К ужину народ возвращается. Старушка пытается журить внучку, у нее не получается. Бабушка хлопочет вокруг девушки, спрашивает, не обгорела ли она, не устала ли? И — как же, без обеда?
Нет только медсестры Эли и москвича.
Густой серый сумерек сполз по склону, запутался в древесных стволах, укрыл палатки, затопил ущелье. Тихо. Мир дышит и живет независимо от нас — людей. Прибежала по веткам проснувшаяся соня, нырнула в пакет, достала кусок хлеба, шуршат мыши. Мы подкладываем им еду, чтобы не грызли наши вещи. Глухо падают с листьев редкие тяжелые капли прошедшего дождя. Воздух пропитан морем, звуки плывут медленно и широко, вместе с сумраком, вокруг нас, сквозь нас… Помимо нас…
Где-то послышался человеческий голос. Звук сорвался и сразу исчез. И еще голоса — вверх по склону, зашевелились, нарушили.
По тропинке поднялись Валерины мальчишки.
— Так, в море далеко не заплывать! — Они запыхались, но тон начальственный.
— А что случилось? — я шевелю языком, как рыба… хотя у рыб нет никакого языка… ну, хорошо, я шевелю языком, как рыба, если бы у нее был язык.
— Девочка утонула, девятнадцать лет, — загомонили разом.
— Стоп, погодите, какая девочка?
— Наша девочка! Сегодня… Высокая такая…
— Так, не тараторьте, по очереди, — остановила их Лена. — Говорите по одному. Итак, что случилось?
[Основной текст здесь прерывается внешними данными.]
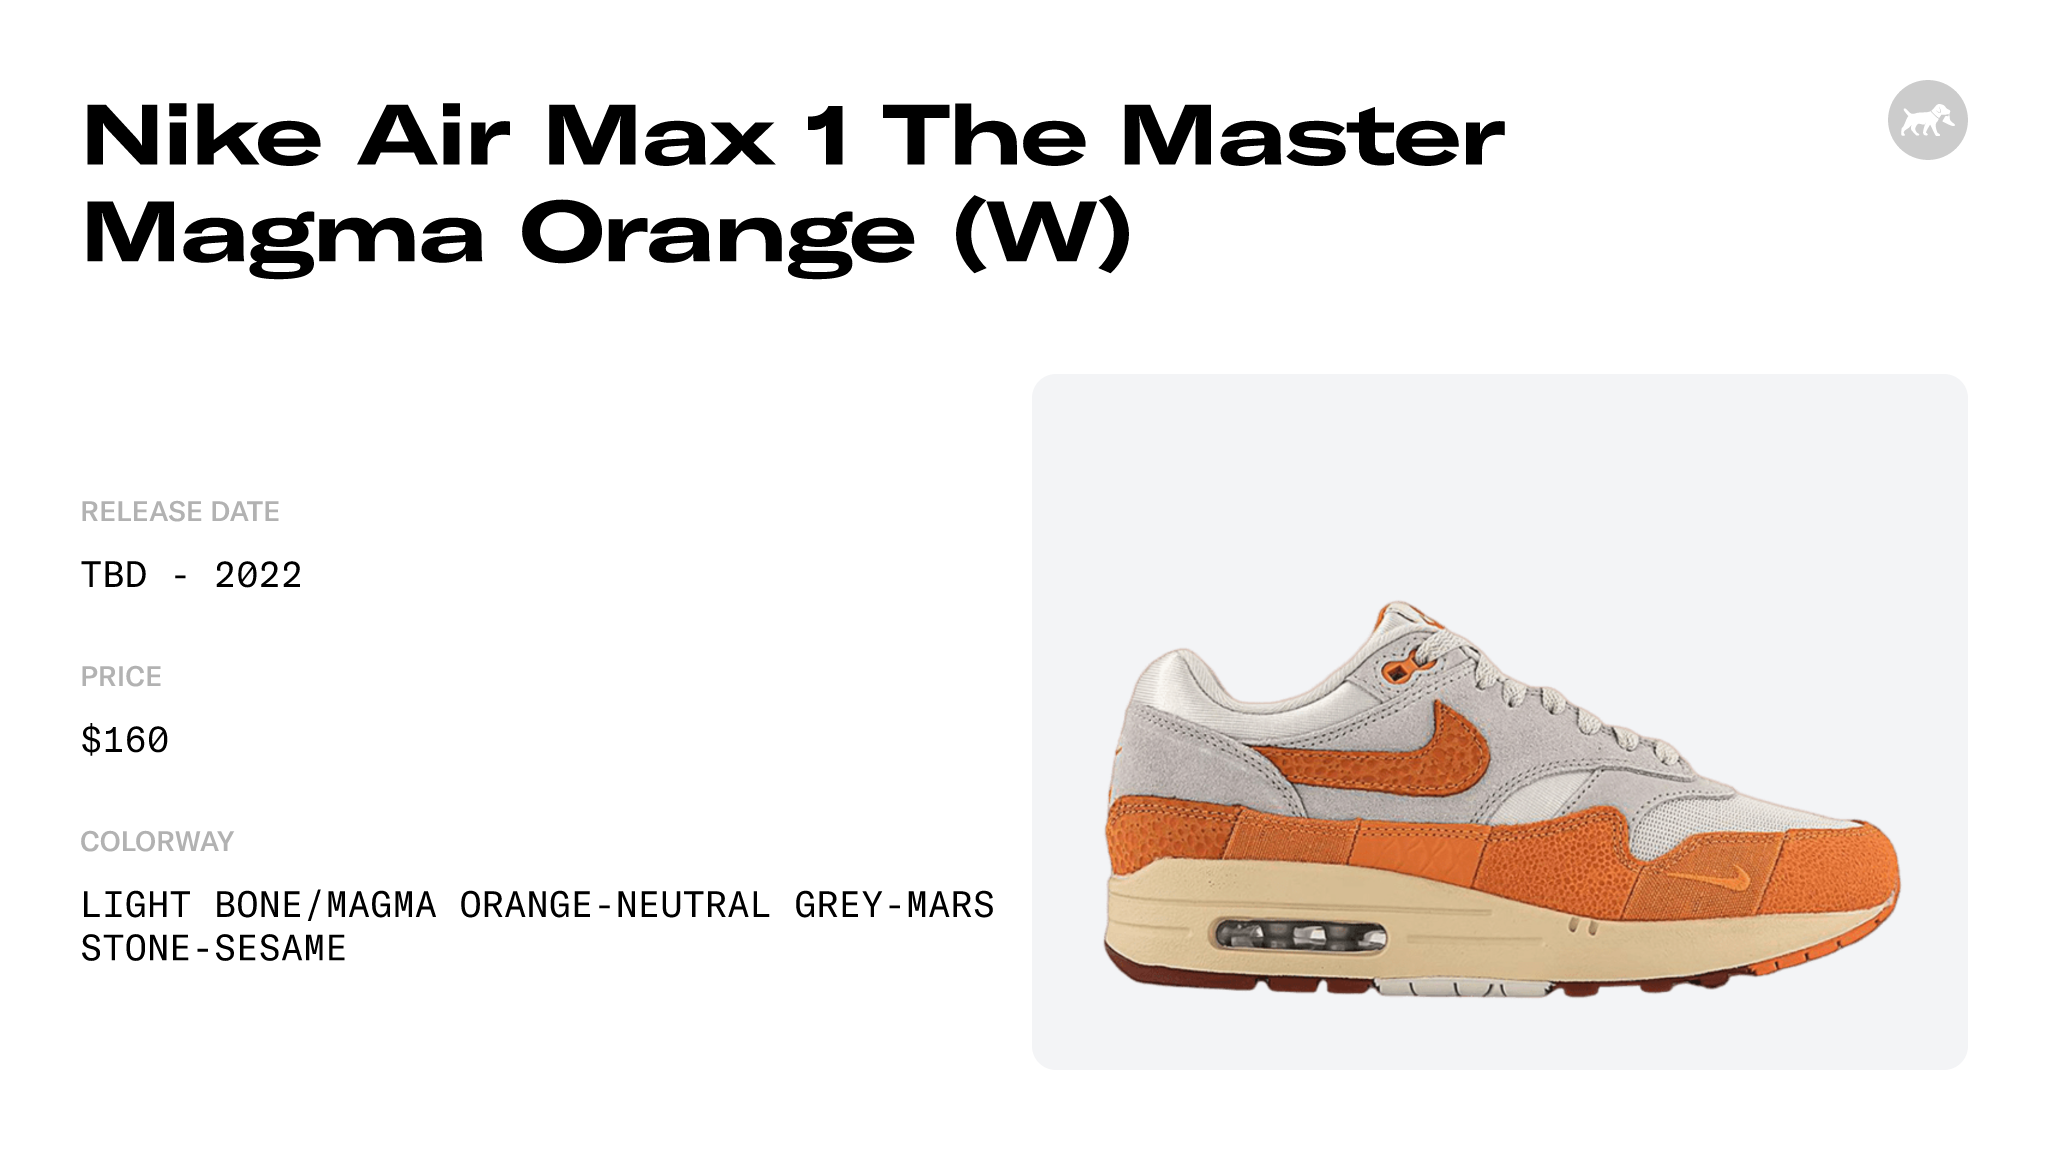 Nike Air Max 1 Master Magma Orange (Women's) - DZ4709-001 - US

— Это правда. Сегодня девочка утонула.
— Ничего не понимаю! — Раздражение от нелепого слуха поднялось, вспучилось в моей голове и размазало такие стройные, такие медленные и большие мысли. — Кто вам сказал эту чушь?! Сегодня никто не тонул.
Они растерялись.
— Да нет же. Мы не врем. Только сейчас Элю встретили. Она сказала.
— Что сказала? — набросилась на них Лена.
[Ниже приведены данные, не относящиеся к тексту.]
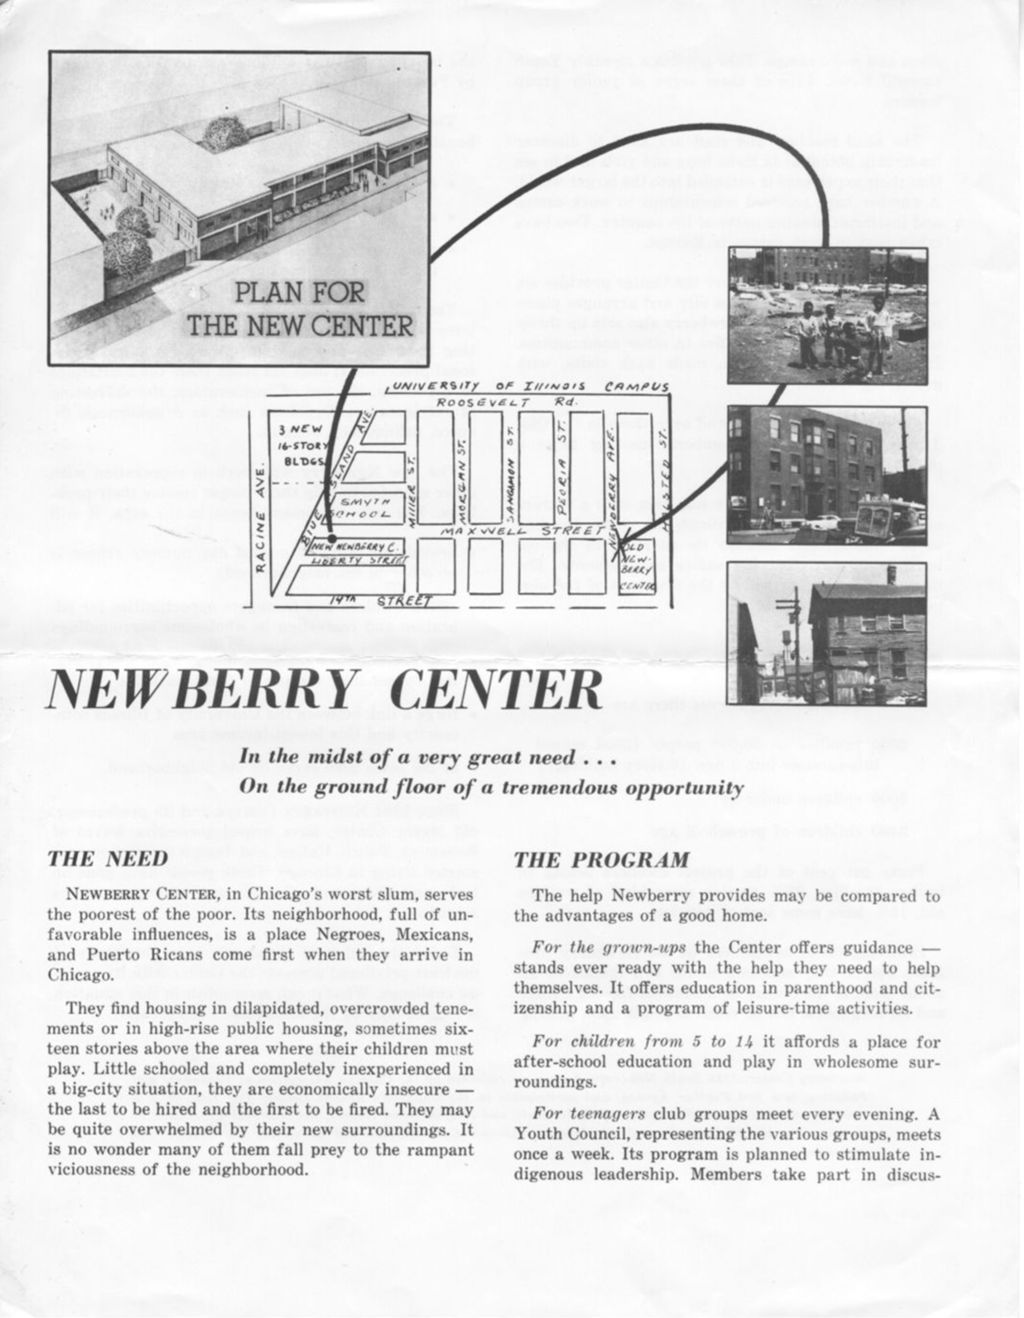 Miniature of Newberry Center flyer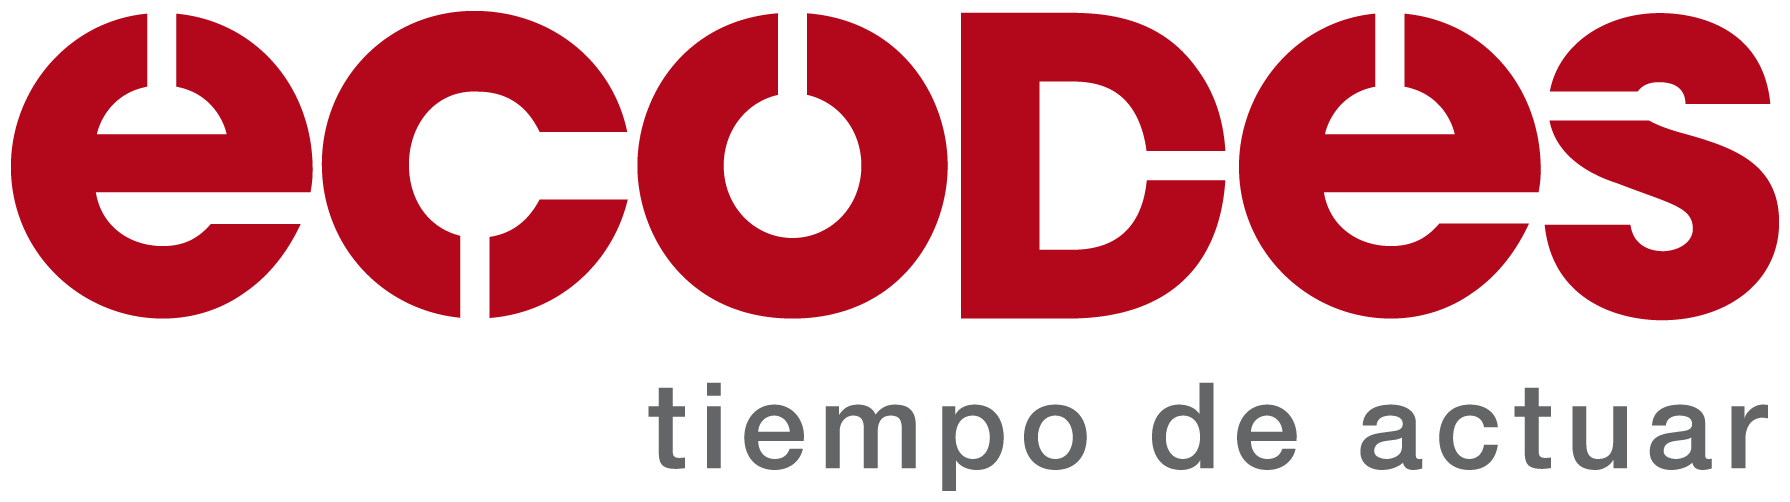 ECODES logo

— Ну, что эта девочка заплыла далеко, а Эля ее спасала. Искусственное дыхание делала… Но не спасла. — Мальчишки замолчали.
— Бред, бред, — все твердила Лена.
— Я все узнаю… — пообещал я. — Дискотеки сегодня не будет, конечно…
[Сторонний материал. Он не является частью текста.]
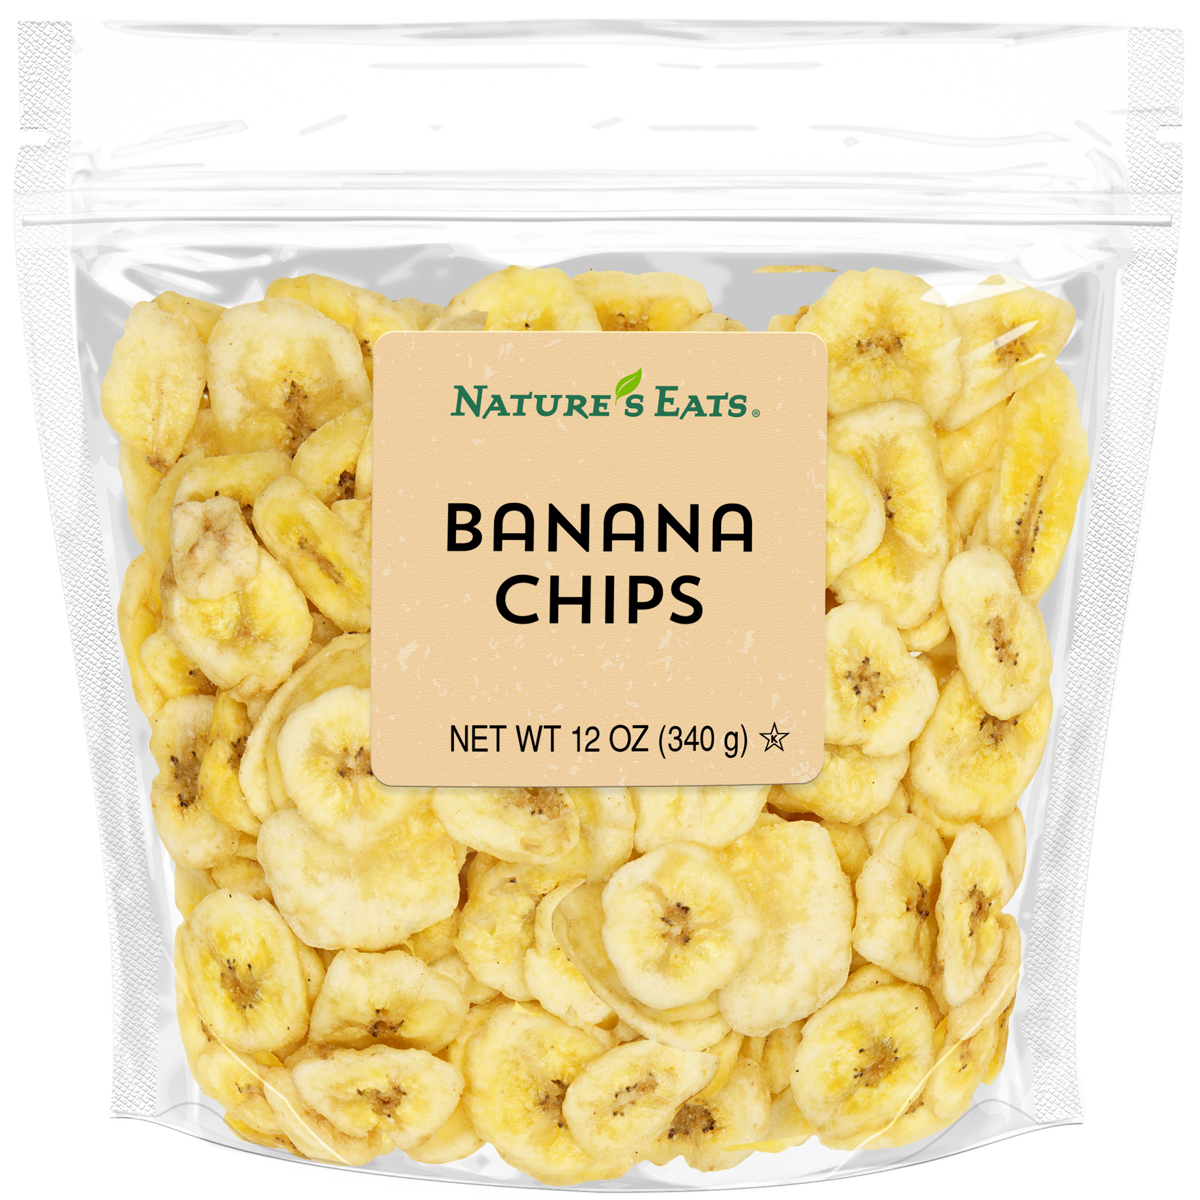 banana-chips-nep-12oz.jpg

И все, словно не было ничего. Тишина и сырость, мокрые стволы сосны и кизила, ночь.
Из столовки слышны голоса, обрывки, ругаются… понятно.
Заглянули к «дикарям». Странно, почему здесь всегда словно в другом месте и в другое время? Как они ухитрились притащить кусочек средней полосы? Все свое ношу с собой? Звезд на острове не видно, моря не слышно и сыро всегда. Только это субъективно, конечно.
Жена нервничает. Она рассказала о случившемся Саше и его «дикарям» и поняла, что их это не касается. Совсем. Как если бы новости по телевизору, мельком.
Потом жаловалась мне:
— Они меня не слушали. Боже мой! А ведь это же правильно! Ничего лишнего. Никаких посторонних раздражителей. Только то, что касается меня и моих близких. Иначе — смерть! Тьфу, тьфу, тьфу! Слава богу, что не с нами! И еще Татьяна попросила, чтоб я ее маме не говорила, а то давление…
Татьяной зовут жену Сашиного шефа. Она беспокоится о своей матери. Она не хочет думать о смерти.